Unless otherwise determined by Imerys UK and permitted by applicable law and regulation,
the Offer will not be made, directly or indirectly, in, into or from, or by use of the mails of, or
by any means or instrumentality (including, without limitation, facsimile transmission, telex,
telephone or email) of interstate or foreign commerce of, or by any facility of a national
securities exchange of, nor will it be made in, into or from, the United States, Canada or any
other jurisdiction if to do so would constitute a violation of the relevant laws of such
jurisdiction and the Offer will not be capable of acceptance by any such use, means,
instrumentality or facilities. Accordingly, copies of any documents relating to the Offer must
not be, directly or indirectly, mailed, transmitted or otherwise forwarded, distributed or sent,
in whole or in part, in, into or from, the United States, Canada or any other jurisdiction if to
do so would constitute a violation of the relevant laws of such jurisdiction and persons
receiving such documents (including custodians, nominees and trustees) must not directly or
indirectly mail, transmit or otherwise forward, distribute or send them in, into or from any
such jurisdiction as to do so may invalidate any purported acceptance of the Offer.
The availability of the Offer to UCM Shareholders who are not resident in the United
Kingdom may be affected by the laws of the jurisdiction in which they are resident.

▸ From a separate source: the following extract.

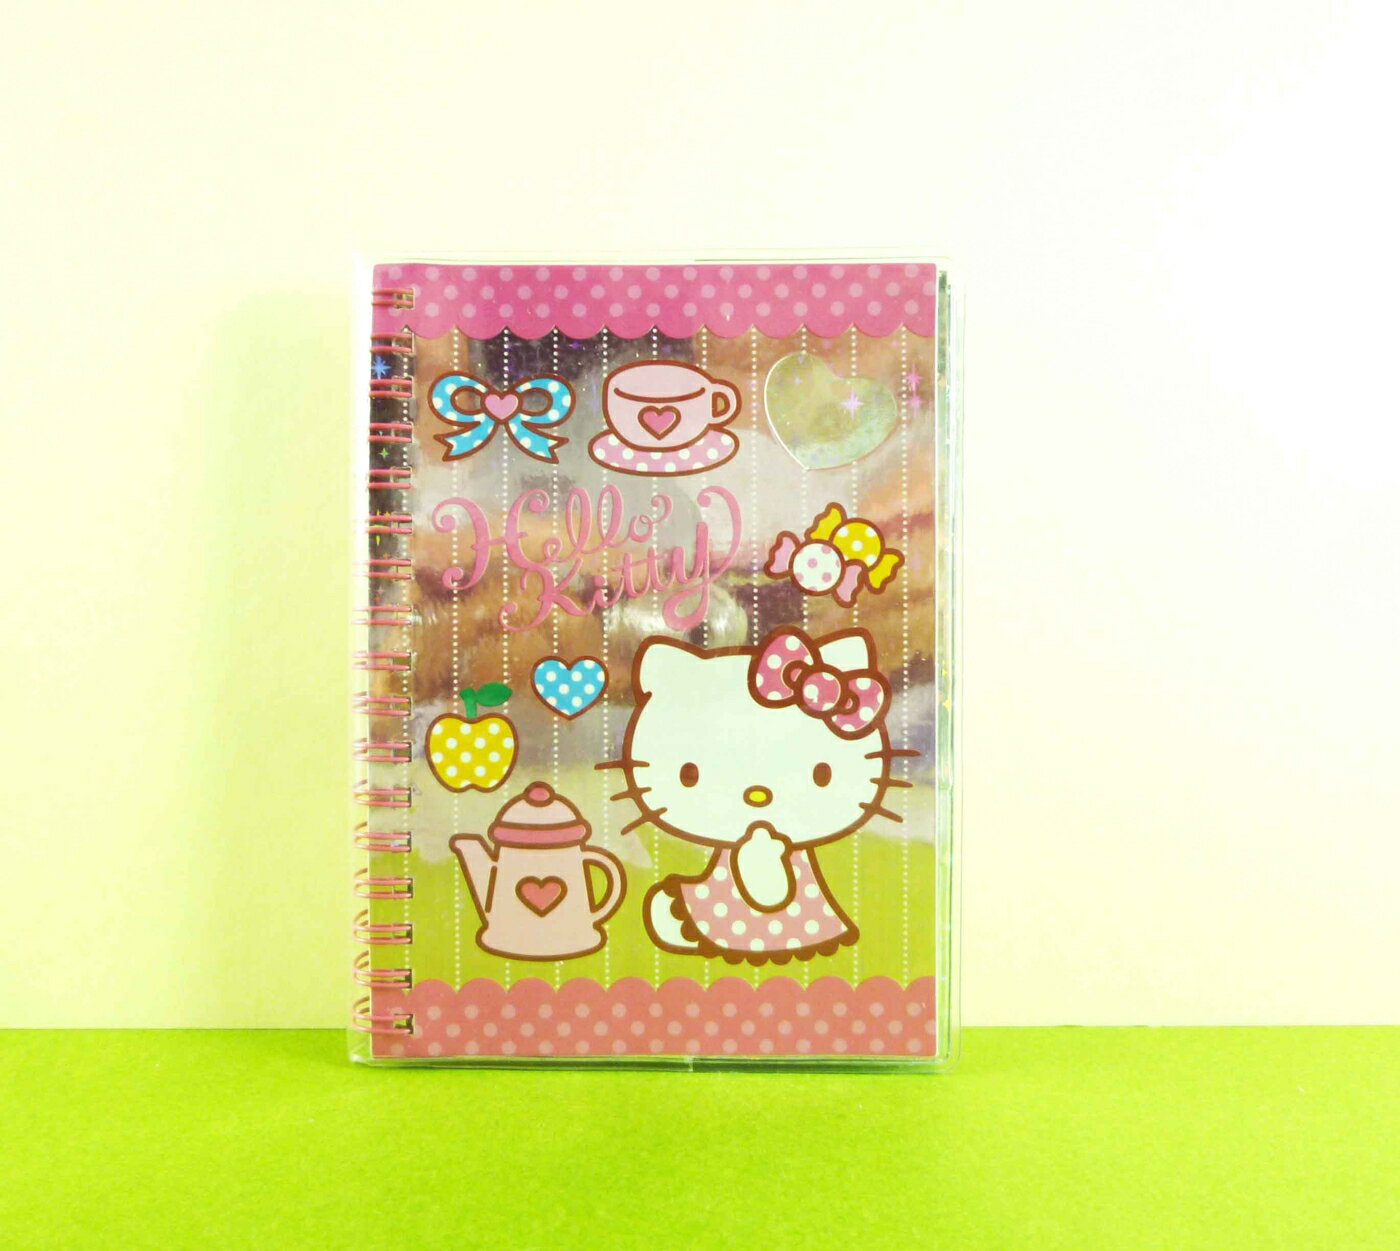 【震撼精品百貨】Hello Kitty 凱蒂貓 貼紙本 咖啡【共1款】*00715 震撼日式精品百貨

Persons
who are not resident in the United Kingdom should inform themselves about, and observe,
any applicable legal or regulatory requirements of those jurisdictions.
N M Rothschild & Sons Limited, which is authorised and regulated in the United Kingdom
by the Financial Services Authority, is acting exclusively for Imerys UK and Imerys S.A. and
no-one else in connection with the Offer and will not be responsible to anyone other than
Imerys UK and Imerys S.A. for providing the protections afforded to clients of Rothschild nor
for providing advice in relation to the Offer or any other matters referred to in this
announcement.
Ernst & Young, which is authorised and regulated in the United Kingdom by the Financial
Services Authority, is acting exclusively for UCM and no-one else in connection with the
Offer and will not be responsible to anyone other than UCM for providing the protections
afforded to clients of Ernst & Young nor for providing advice in relation to the Offer or any
other matters referred to in this announcement.